[RECORDED DATA Boundary: Start]

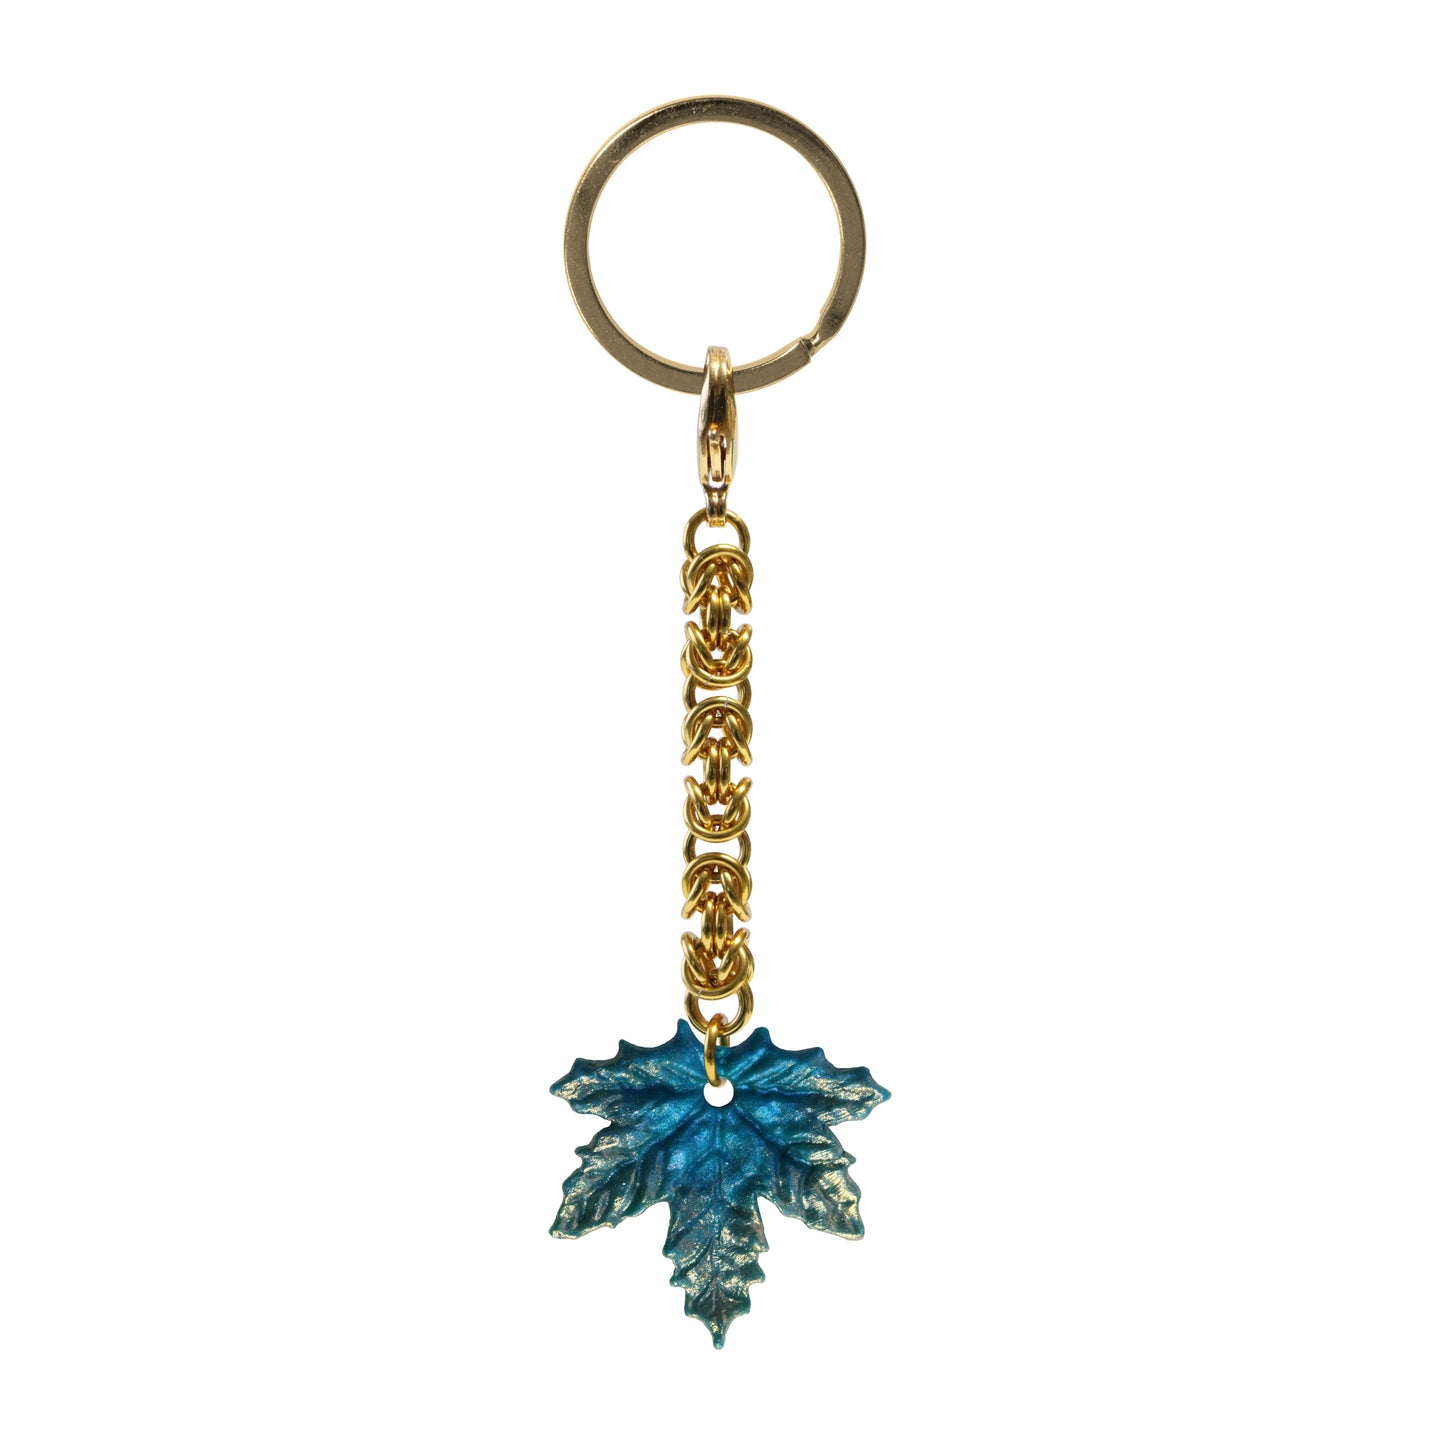 Maple Leaf Keychain / 100mm length / choose from 4 colorways
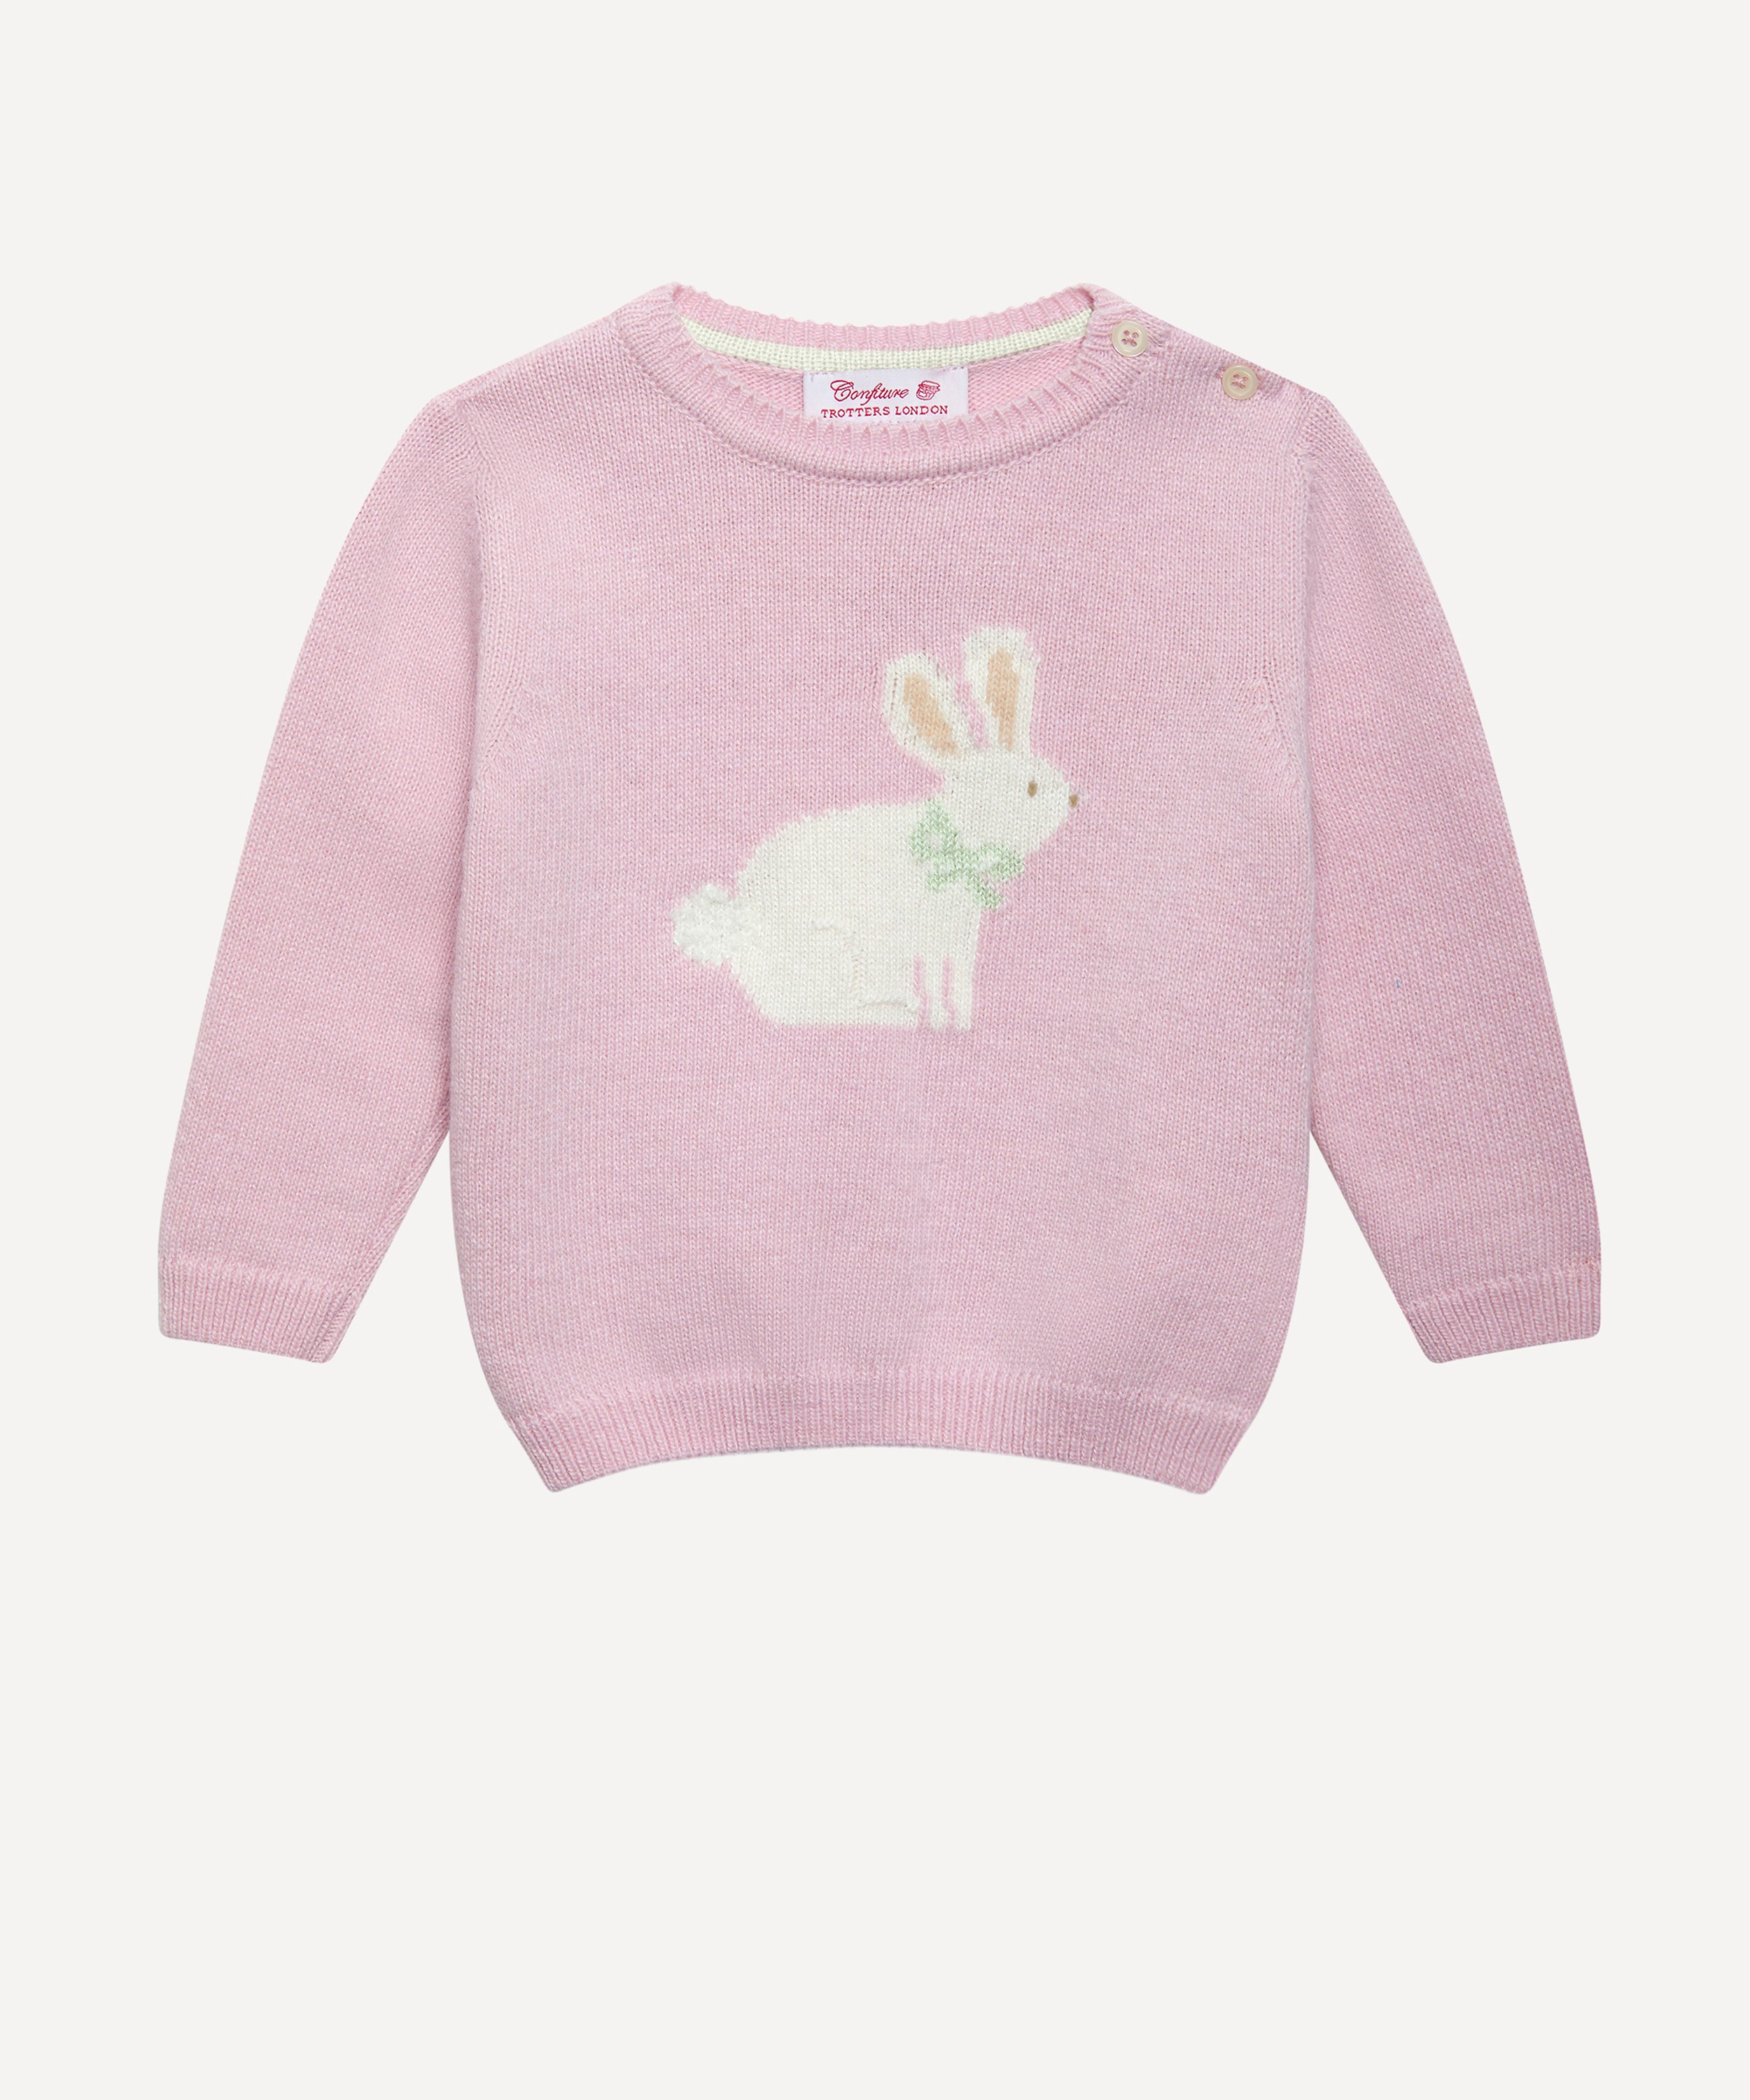 Trotters - Betty Bunny Jumper 3-24 Months
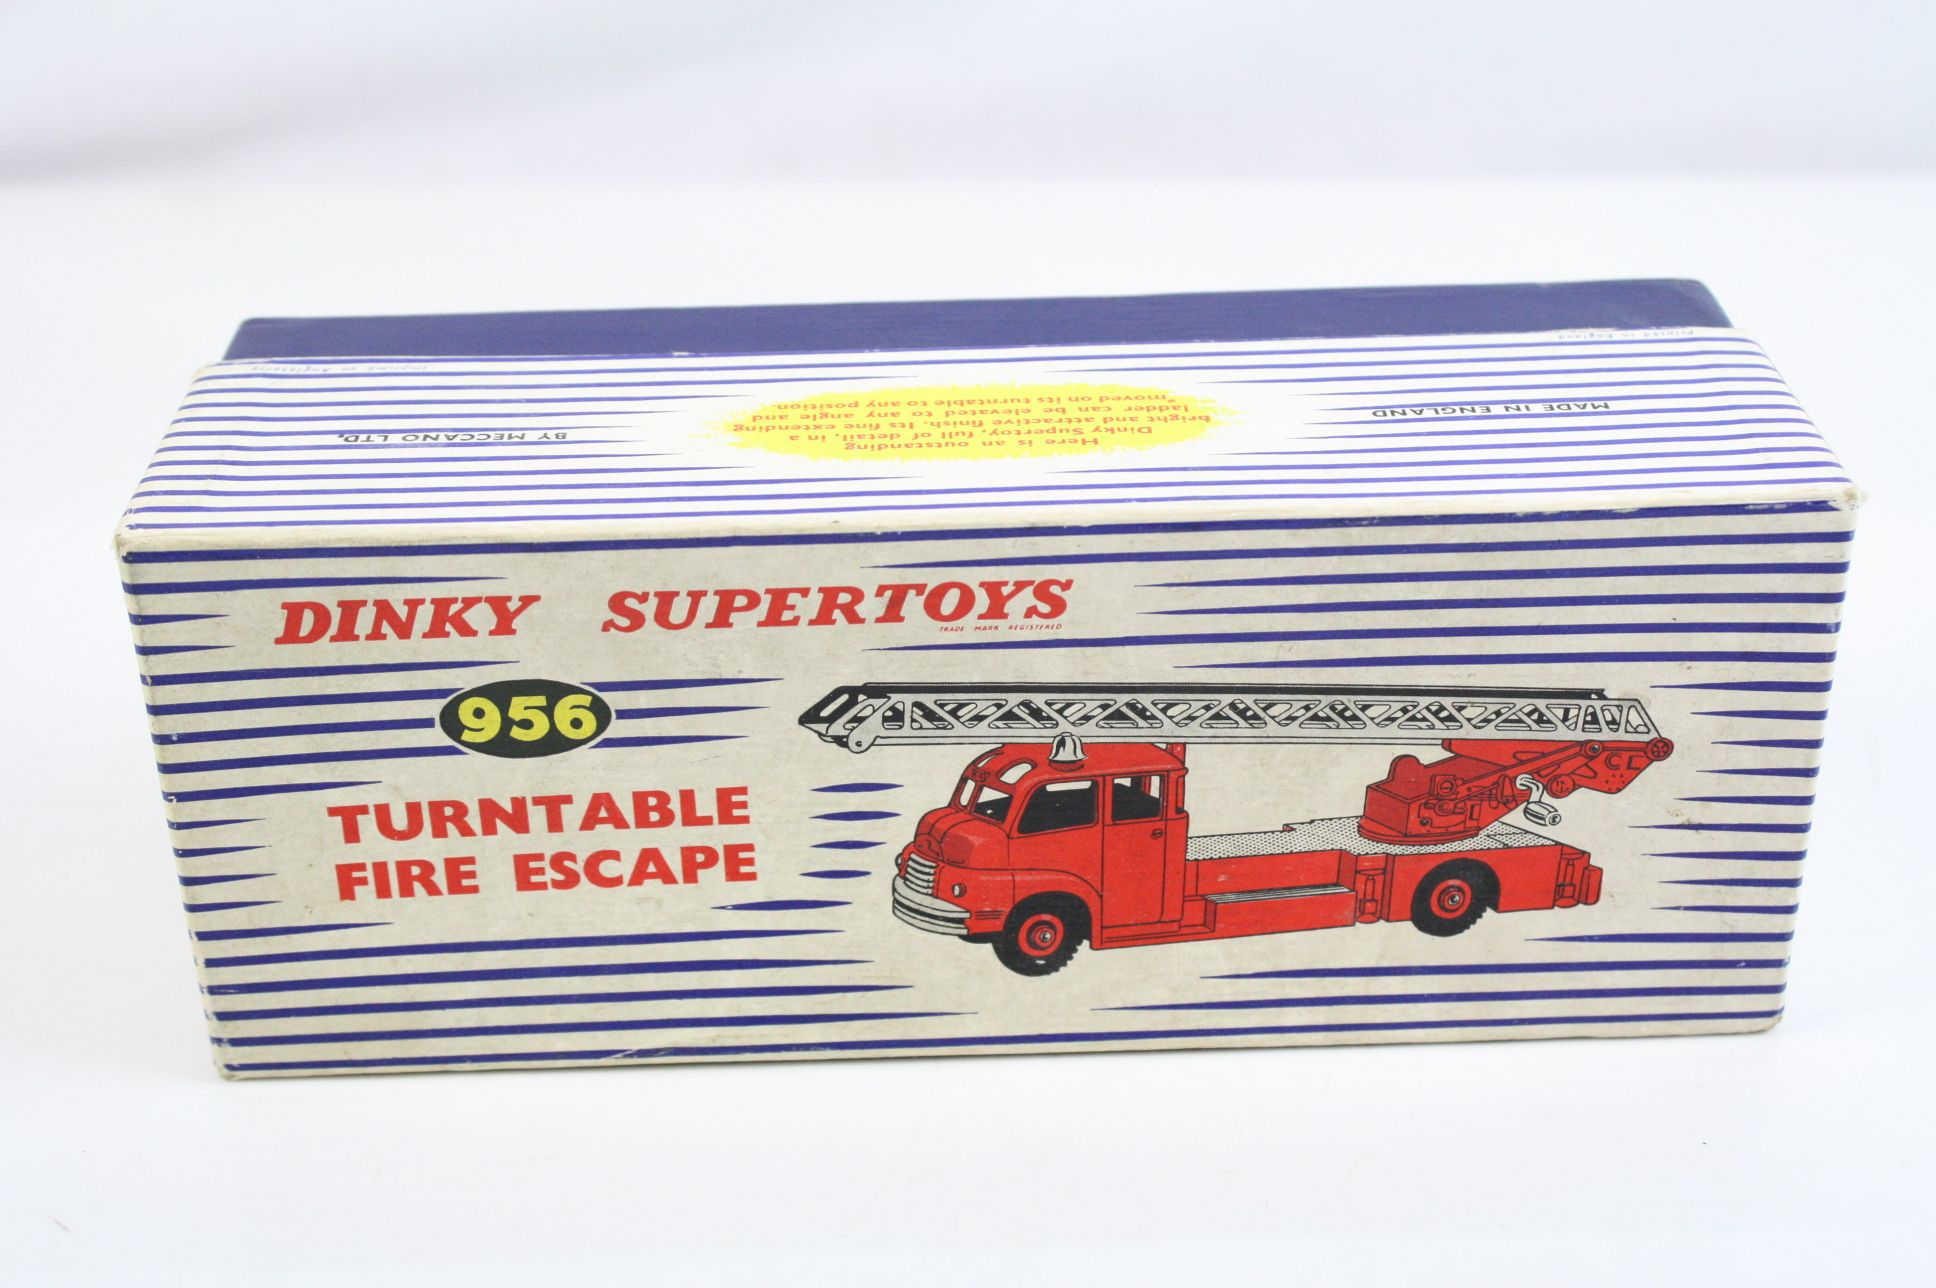 Boxed Dinky 956 Turntable Fire Escape diecast model with instructions, diecast vg with a few paint - Image 5 of 5

[RECORDED DATA Boundary: End]

ACTIVITY: Each line above is to be copied exactly, and the pictures are to be dropped.

ANSWER AREA:
 Maple Leaf Keychain / 100mm length / choose from 4 colorways
 Trotters - Betty Bunny Jumper 3-24 Months
 Boxed Dinky 956 Turntable Fire Escape diecast model with instructions, diecast vg with a few paint - Image 5 of 5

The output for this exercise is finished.